Не всегда идеальная жизнь, признаю, но спокойная, пристойный зазор от одного события до другого, как расстояния между муравьями, чинно шествующими по тропинке. От Дарли до Коймадаи встречается то разлагающийся опоссум, то миксоматозный кролик. Мясные мухи тикают на кустах. За все эти годы шершавый голос отца так и не смолк.
Вот в чем смысл: дайте передохнуть в промежутке, и мы справимся с чем угодно.

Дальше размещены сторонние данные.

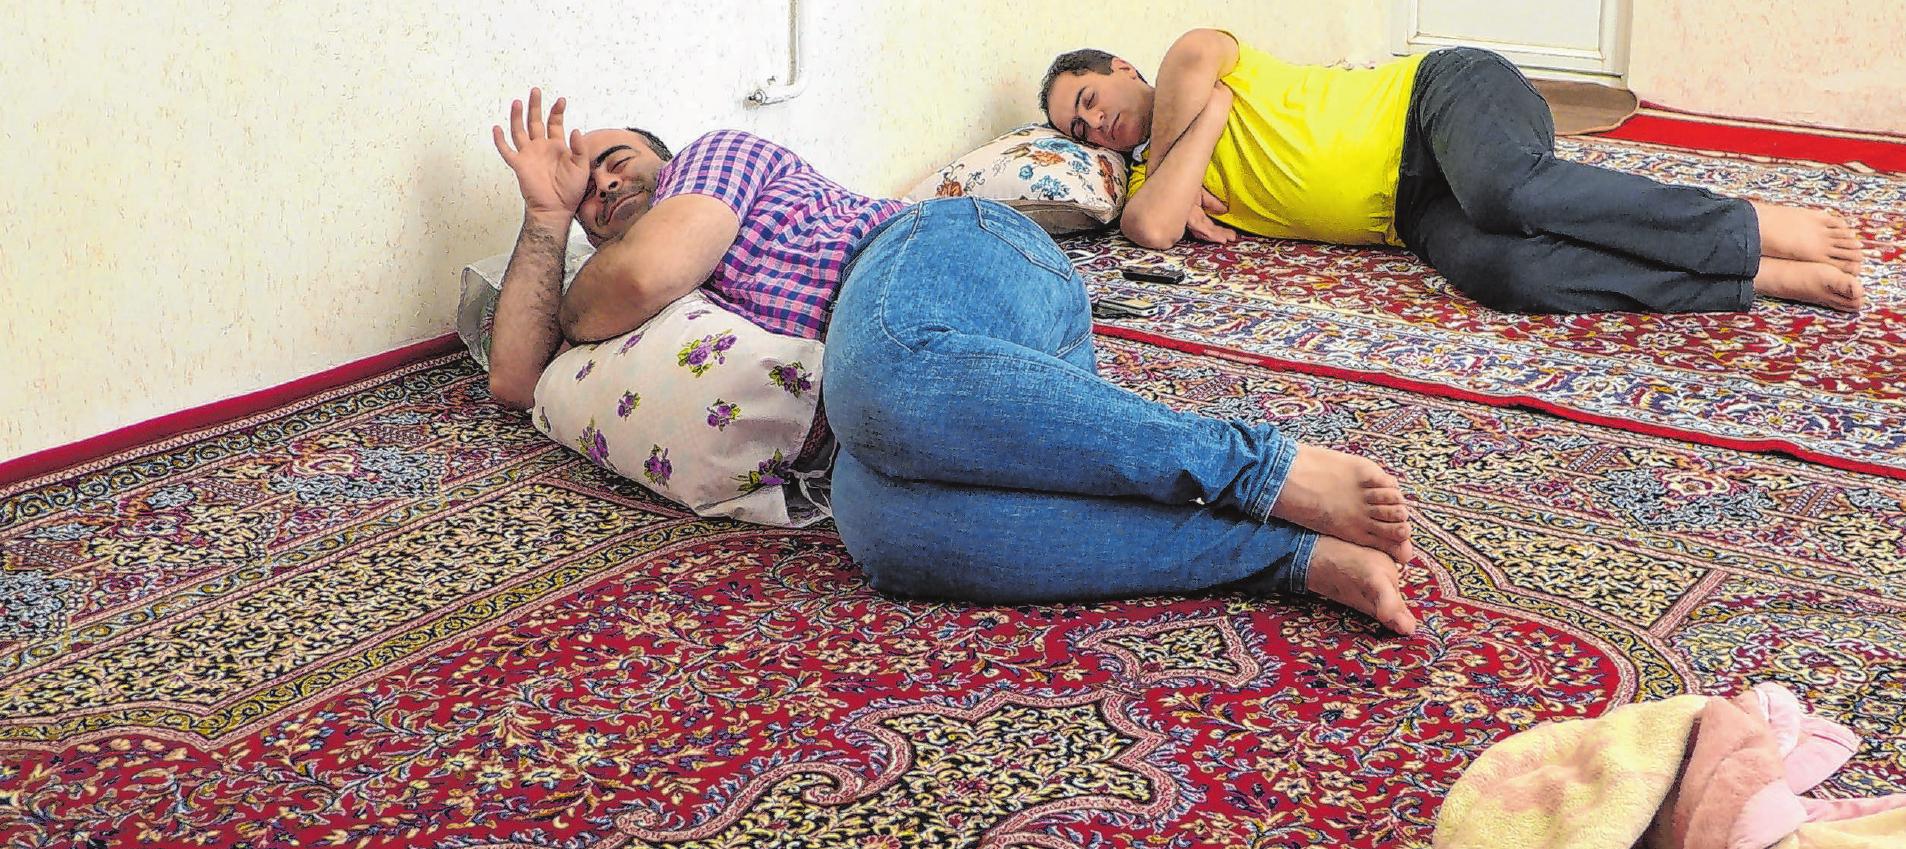 Blick in ein Wohn- und Schlafzimmer im Iran in der Region Lorestan: Nach dem Mittagessen legt man sich für ein Schläfchen hin. Foto: Reza Ranjbar

Но Сидней, Господи Боже, как КИТАЙСКИЕ ПЕТАРДЫ в день Гая Фокса,[35] бум-бум-бум, без остановки, от взрывов у меня долгие мышцы электрифицируются, я бы предпочел провести воскресенье в Бахус-Блате, когда мама плакала в своей комнате, А КОГДА ПРИХОДИТ ВЕЧЕР, НЕ ОТВАЖИВАЙСЯ СУЛИТЬ СЕБЕ РАССВЕТ. Медленно текло время в те дни, делать нечего, украсть кубик из ледника и следить, как он просачивается сквозь ткань кармана. Воскресный сумрак, муравьи ползут по дорожке вниз, в канаву, что они-то думают про солнечный свет и тень и фары на шоссе в Балларэт?